** INFORMATION follows **

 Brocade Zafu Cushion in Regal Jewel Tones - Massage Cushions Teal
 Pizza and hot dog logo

** End of INFORMATION **
** INFORMATION follows **

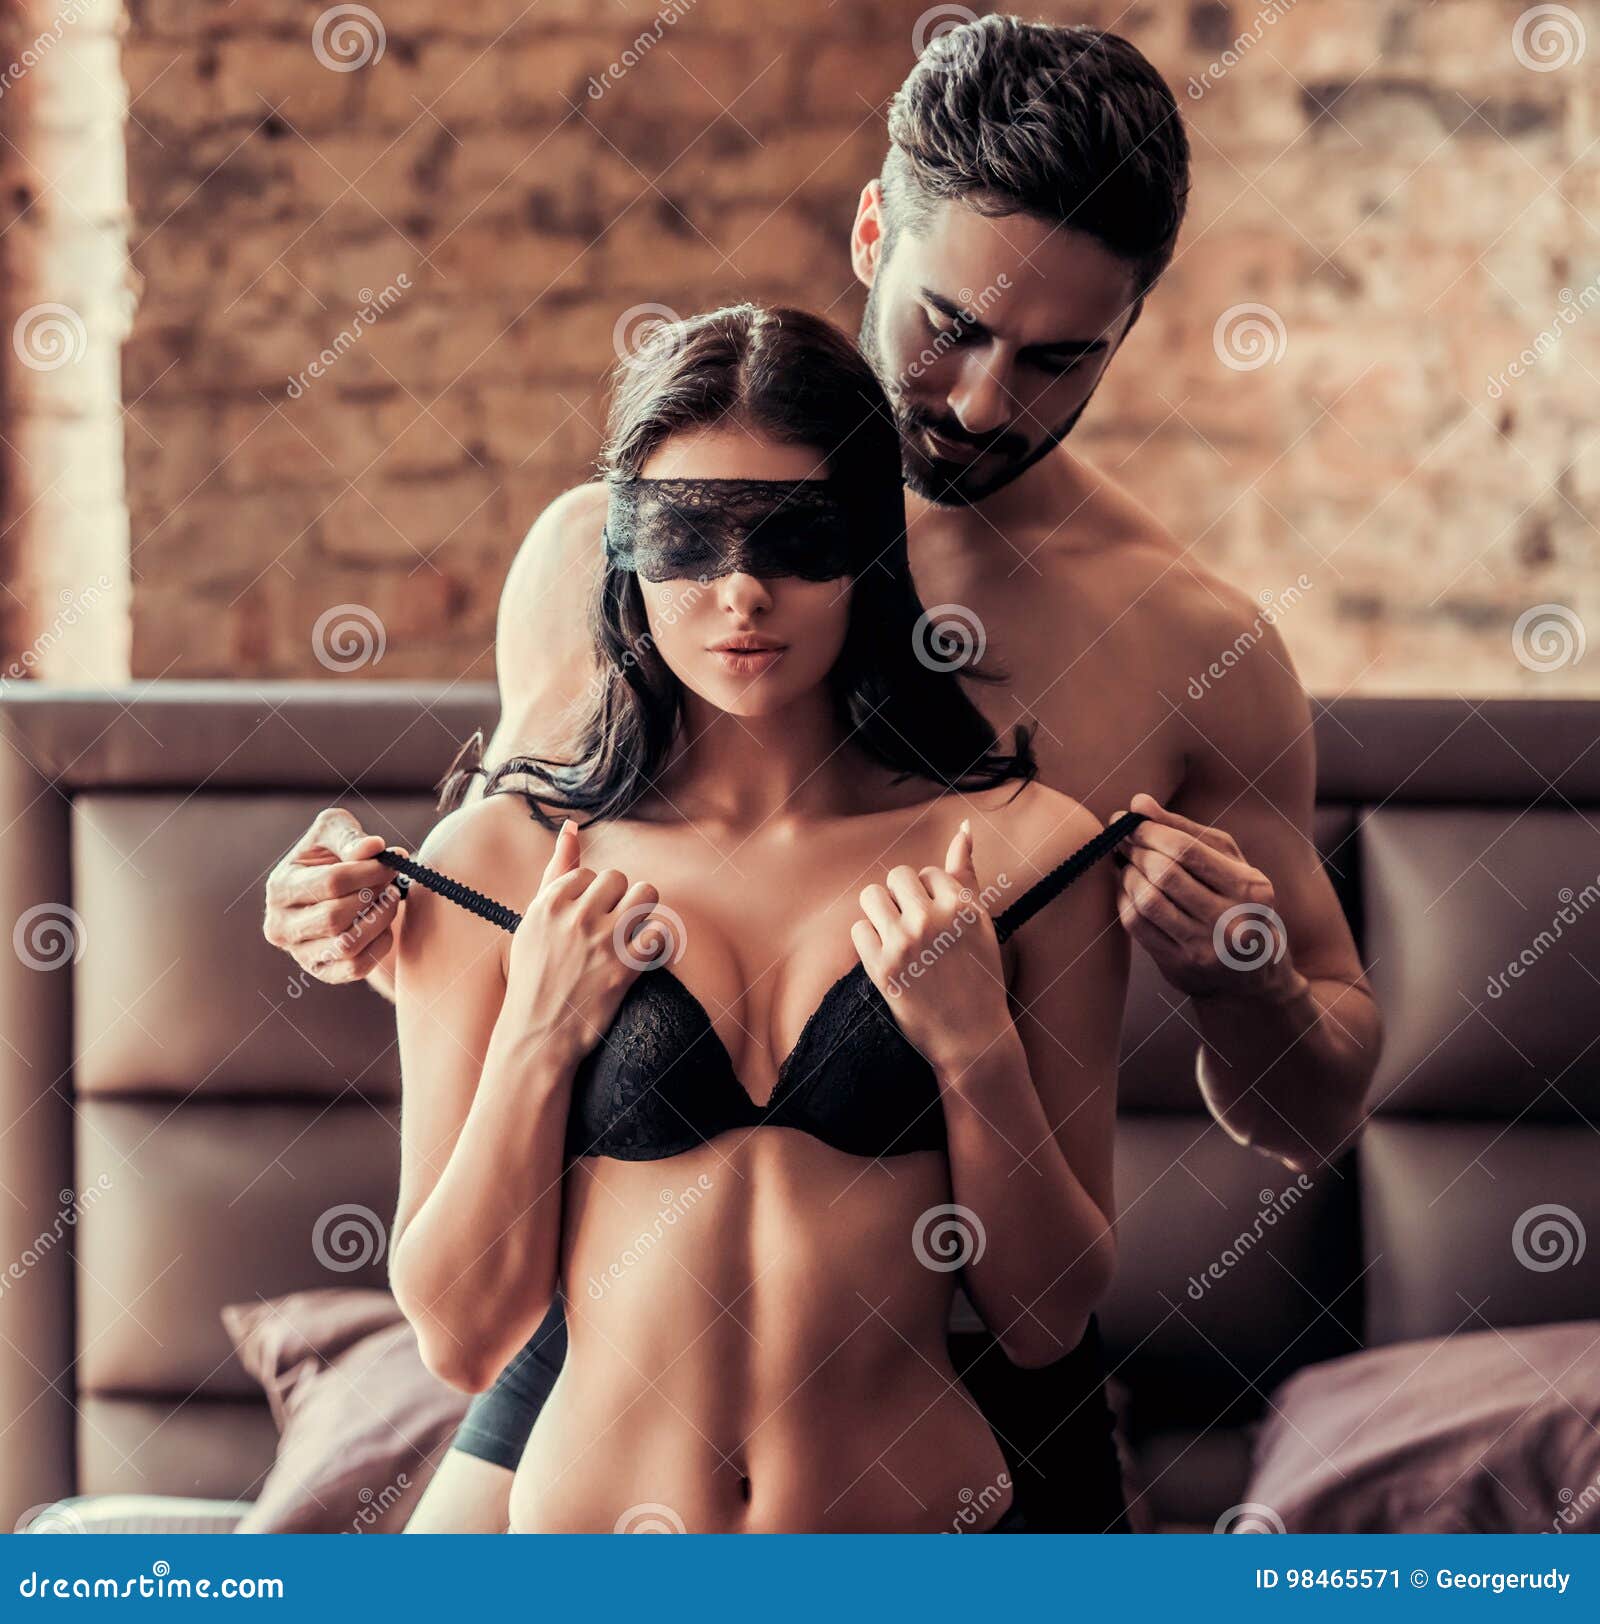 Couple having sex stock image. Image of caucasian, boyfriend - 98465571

** End of INFORMATION **
** INFORMATION follows **

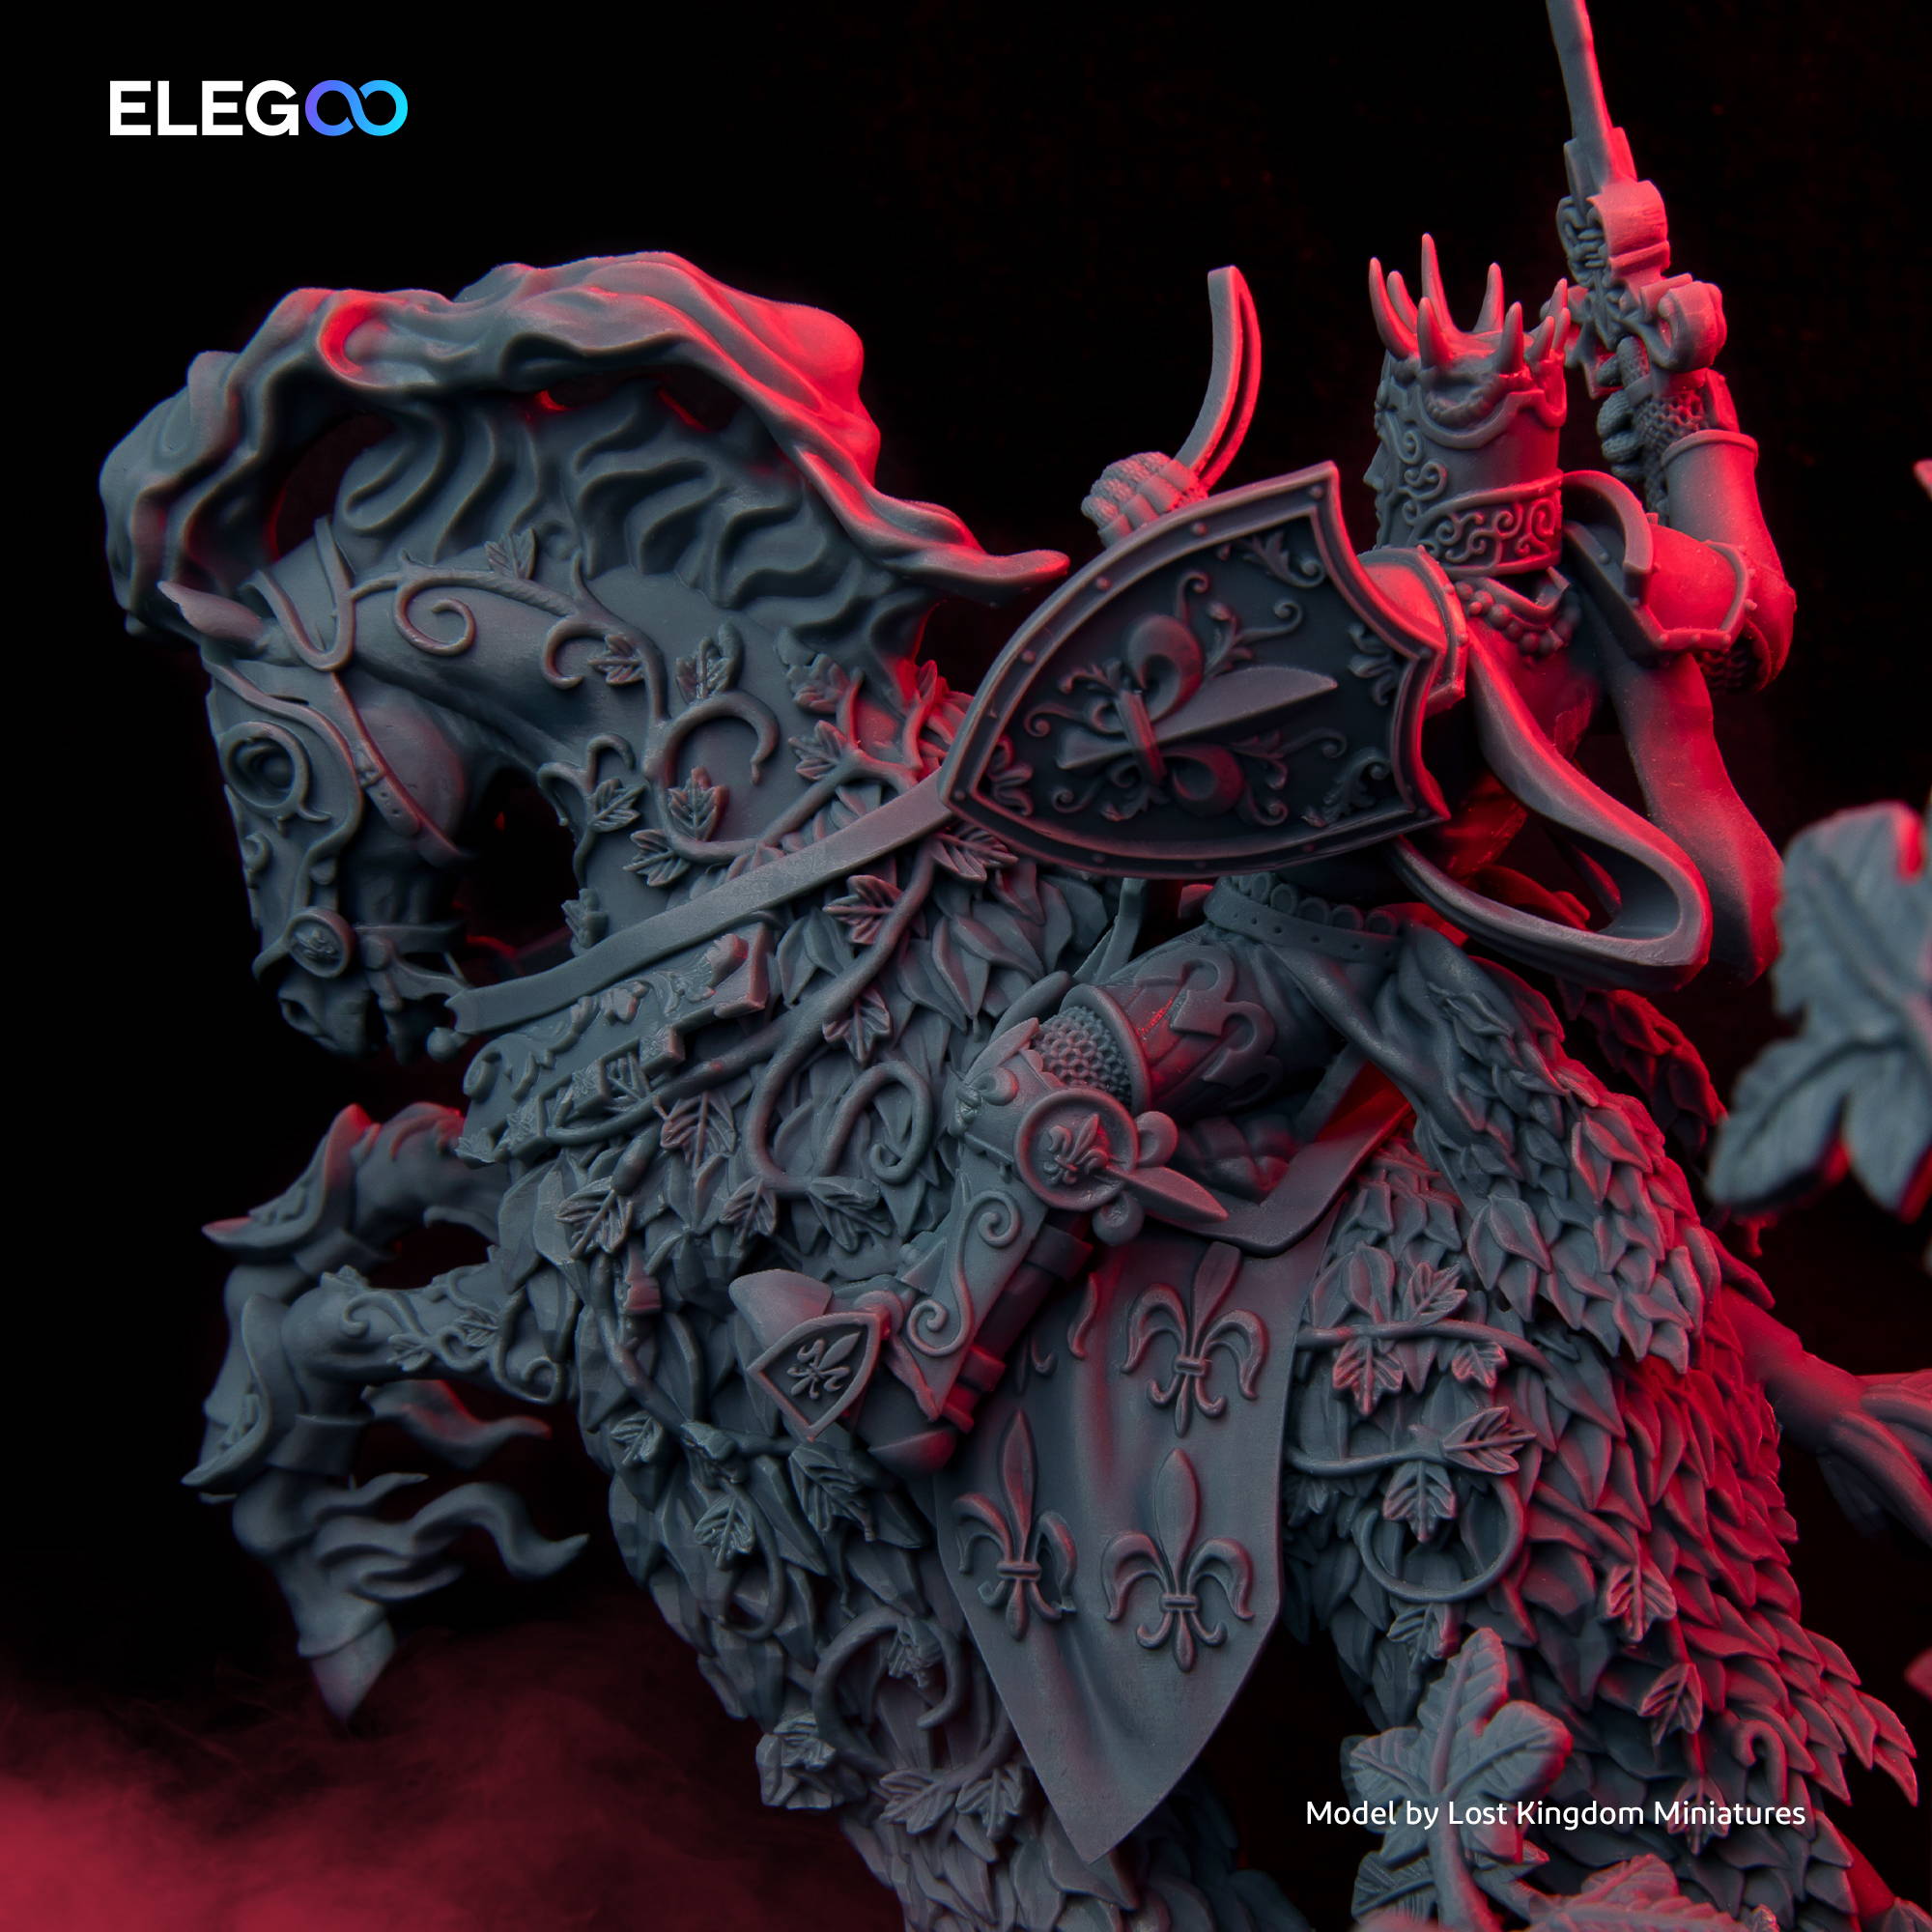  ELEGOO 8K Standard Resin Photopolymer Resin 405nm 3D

** End of INFORMATION **

ABOUT THIS TASK
Retype word for word everything in the listing above from the line that holds "Brocade Zafu Cushion" down to the line that holds "Pizza and hot dog logo". Keep both end lines and leave out the rest.

ANSWER BELOW
 Brocade Zafu Cushion in Regal Jewel Tones - Massage Cushions Teal
 Pizza and hot dog logo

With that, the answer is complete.